Owen made a strong impression with a late-night recital in the last Ryedale Festival. He did not disappoint here, opening with a jaunty account of Bach’s Italian Concerto, which was distinguished by admirable clarity leavened with dry wit.
In complete contrast were Brahms’s two big-boned, minor-key Rhapsodies, Op 79, which were fierily expansive. But, again, Owen kept the textures clean, resisting the temptation to over-pedal. The composer’s tenderer side emerged in the four caprices and four intermezzos of Op 76. The caprices might have been more openly impulsive, although the B minor was wryly puckish and the C major made a majestic finale.

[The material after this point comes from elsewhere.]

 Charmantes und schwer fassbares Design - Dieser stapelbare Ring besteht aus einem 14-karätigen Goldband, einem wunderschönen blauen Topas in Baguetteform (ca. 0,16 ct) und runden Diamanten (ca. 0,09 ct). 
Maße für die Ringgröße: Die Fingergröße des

Romantic nostalgia marked the Intermezzo in B flat, while the pair in A, one major, one minor, were finely balanced, the first with a delicate ebb and flow, the other deeply elegiac. Ravel’s Gaspard de la Nuit (three poems after Aloysius Bertrand) demands a wide palette and a faultless technique. Owen displayed both: from the rippling moonlight of Ondine to the crisp syncopation of the notoriously taxing Scarbo, he was riveting. Liszt’s reworking of Wagner was serenity itself by comparison.